## [Exercise objective]
In the entries below, repeat only the lines between those holding "Neuronal Ndrg4 Is" and "Funny Insurance Sales", inclusive. Leave pictures out.

## [Recorded data]

+---+

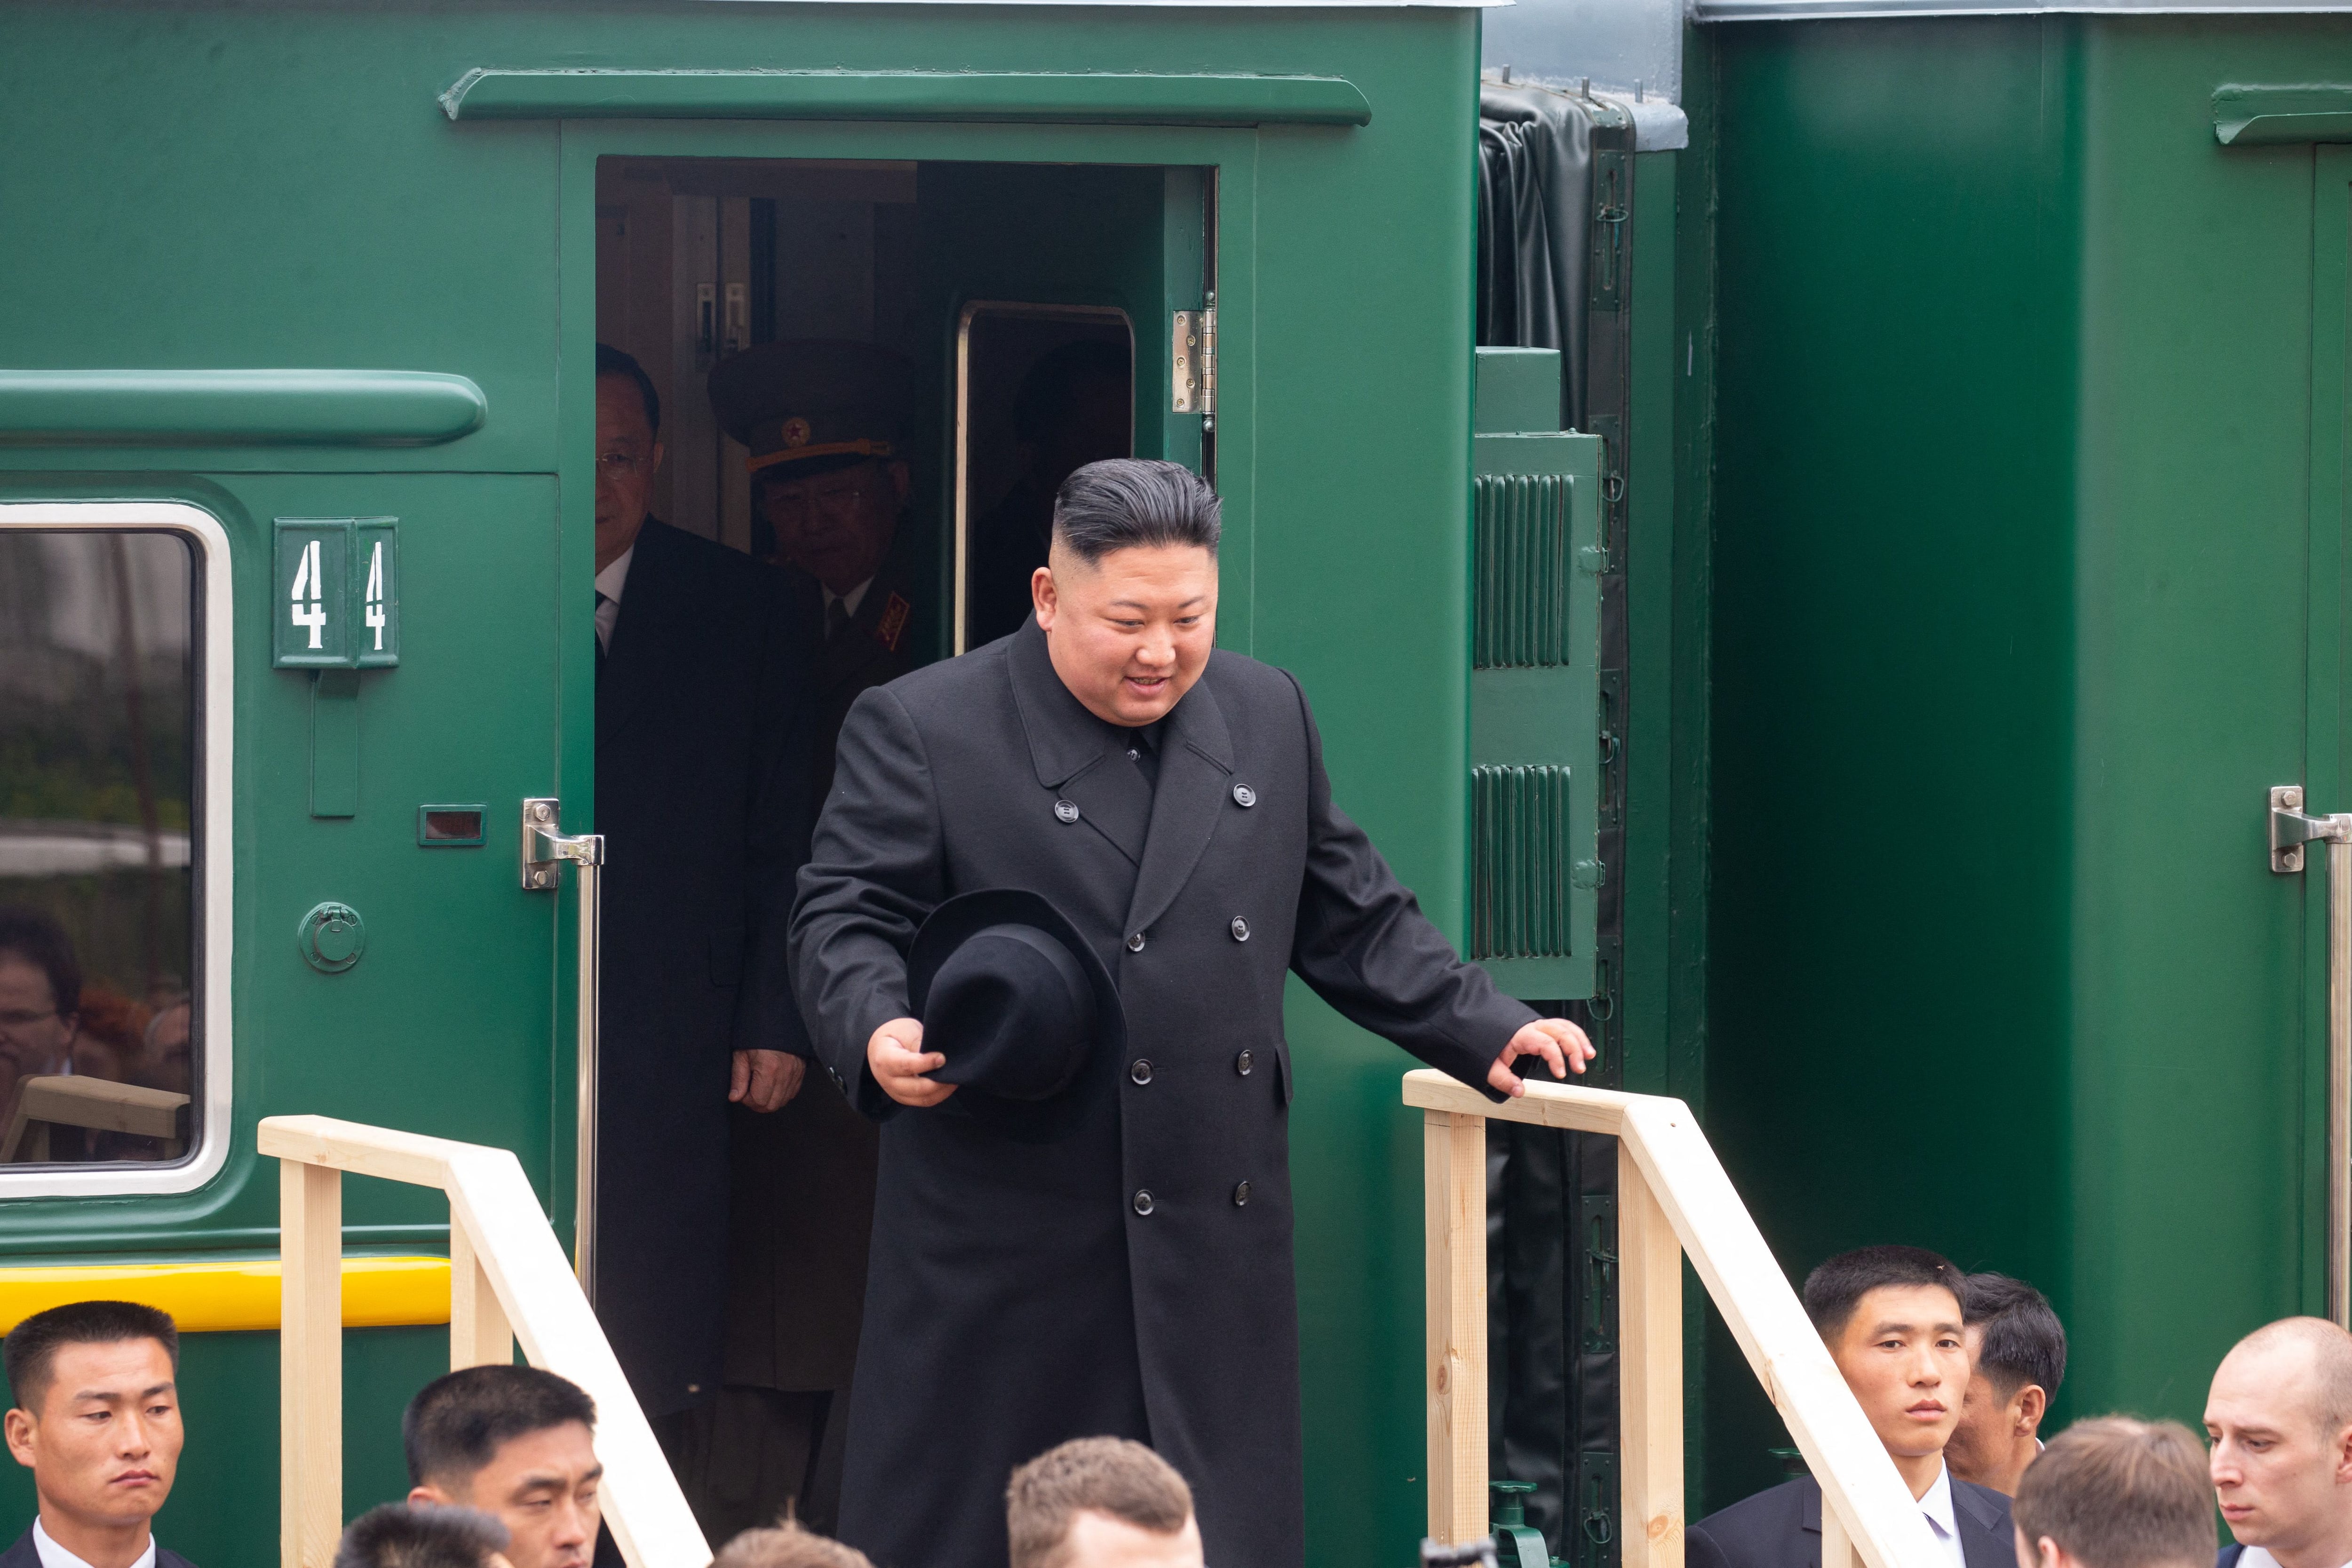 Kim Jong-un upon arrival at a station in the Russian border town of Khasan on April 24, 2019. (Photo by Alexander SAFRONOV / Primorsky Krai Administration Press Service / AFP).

+---+

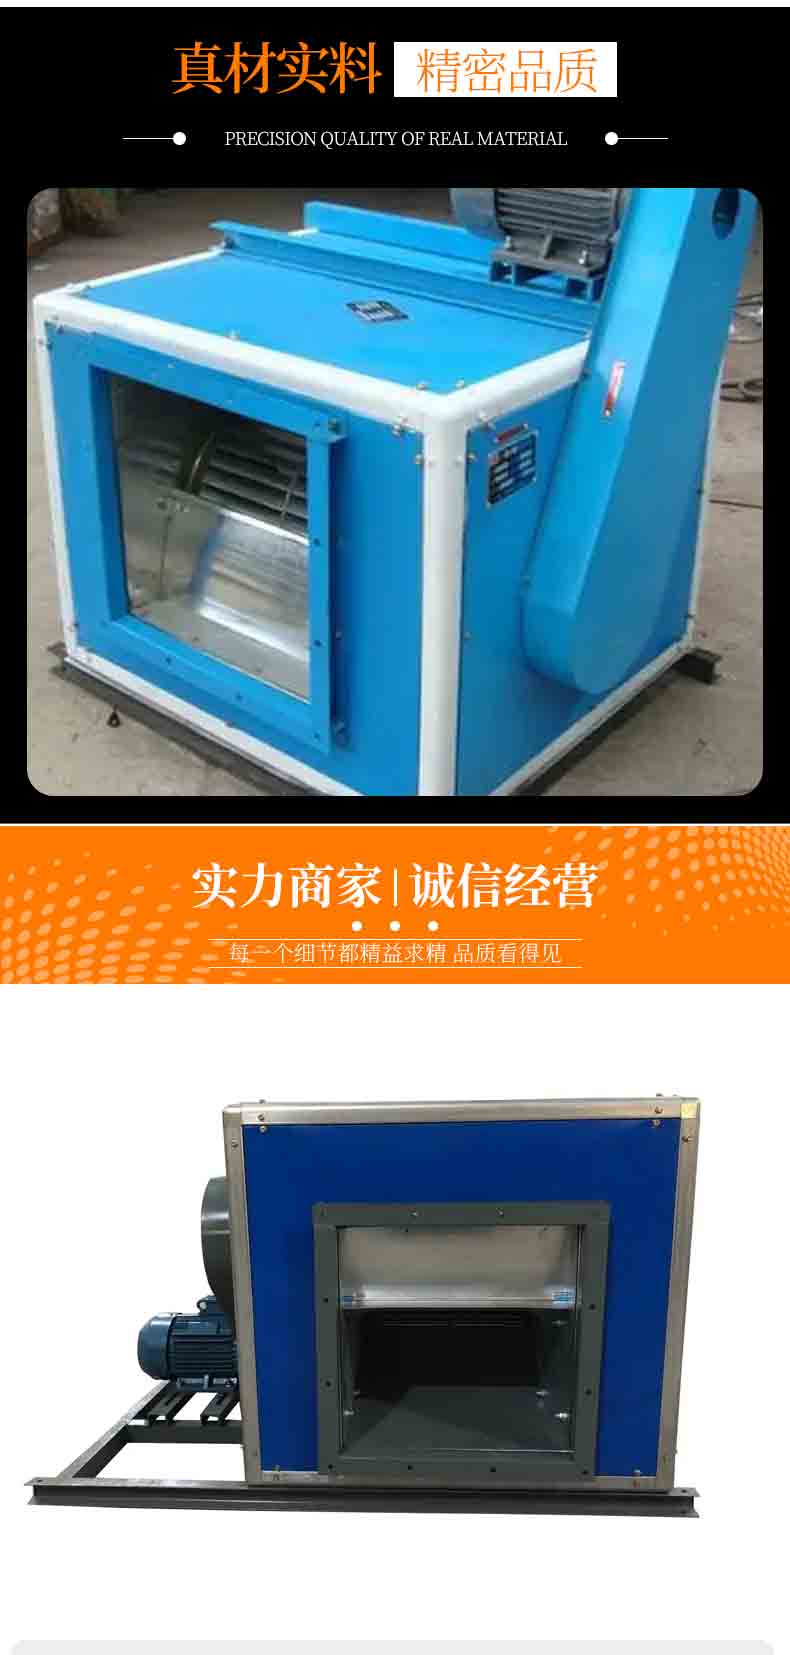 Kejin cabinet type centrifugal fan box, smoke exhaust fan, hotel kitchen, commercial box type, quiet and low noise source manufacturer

+---+

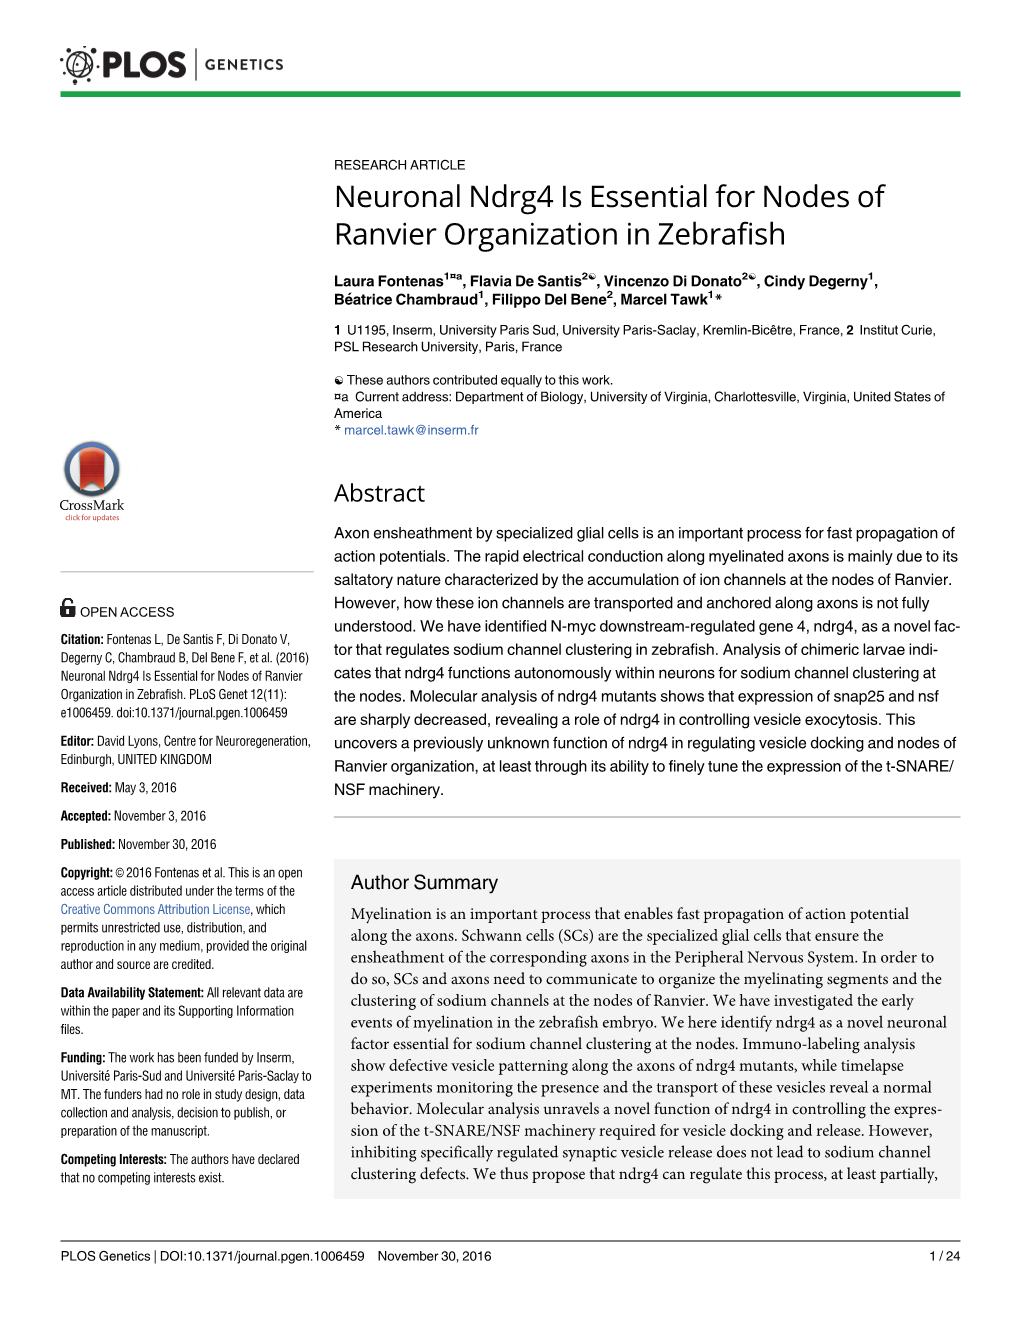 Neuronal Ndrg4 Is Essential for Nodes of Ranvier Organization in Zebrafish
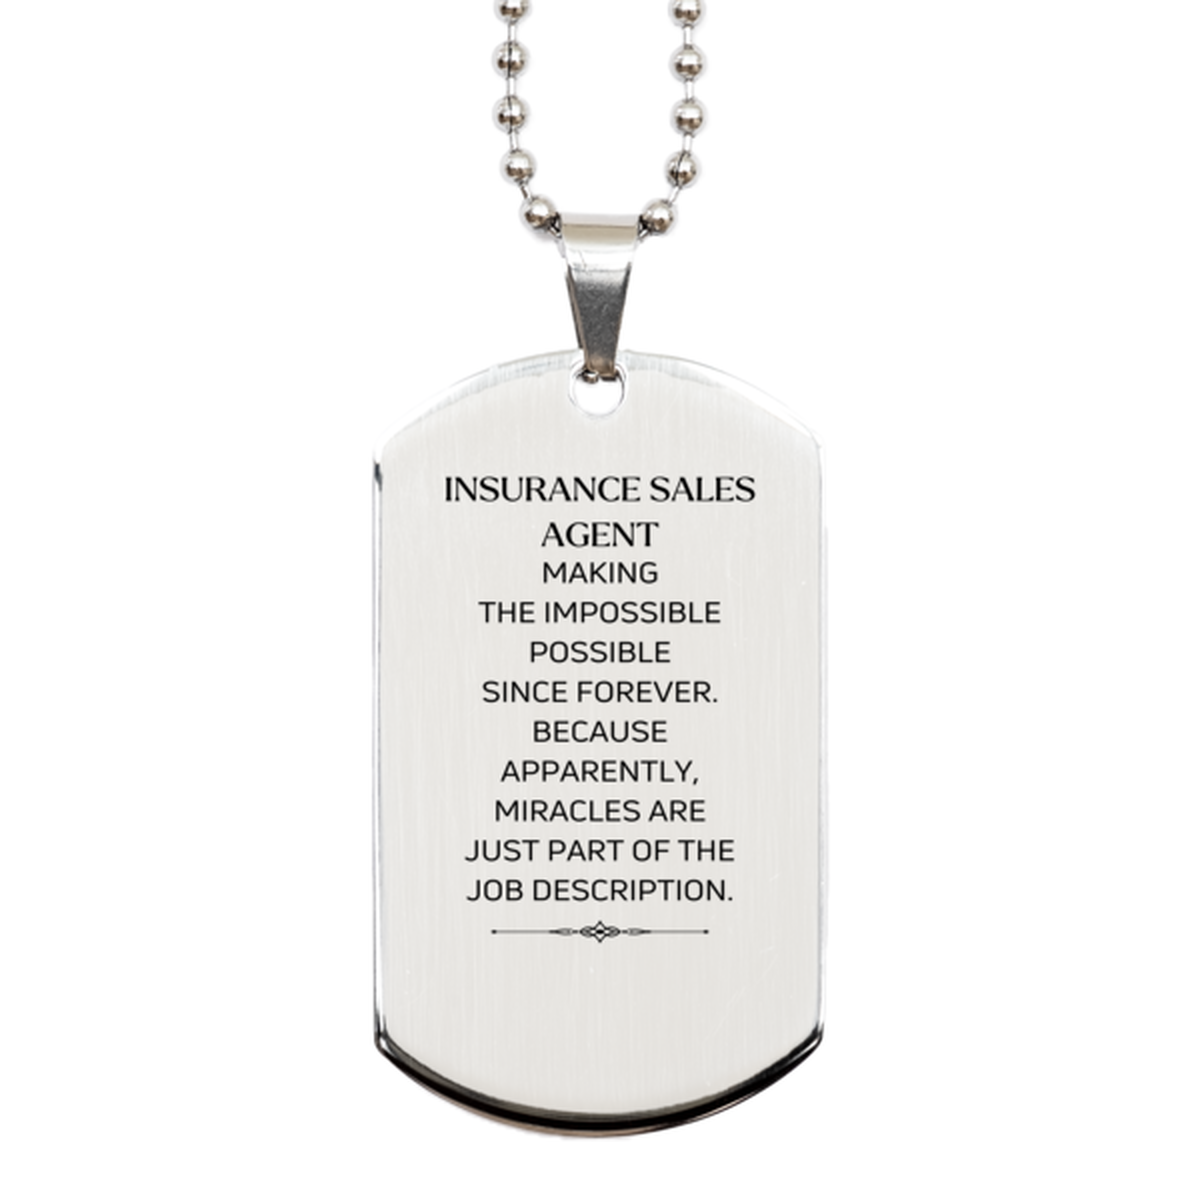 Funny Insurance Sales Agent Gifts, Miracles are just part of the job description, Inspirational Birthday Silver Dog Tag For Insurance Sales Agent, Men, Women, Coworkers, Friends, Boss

+---+

## [Answer to this exercise]
 Neuronal Ndrg4 Is Essential for Nodes of Ranvier Organization in Zebrafish
 Funny Insurance Sales Agent Gifts, Miracles are just part of the job description, Inspirational Birthday Silver Dog Tag For Insurance Sales Agent, Men, Women, Coworkers, Friends, Boss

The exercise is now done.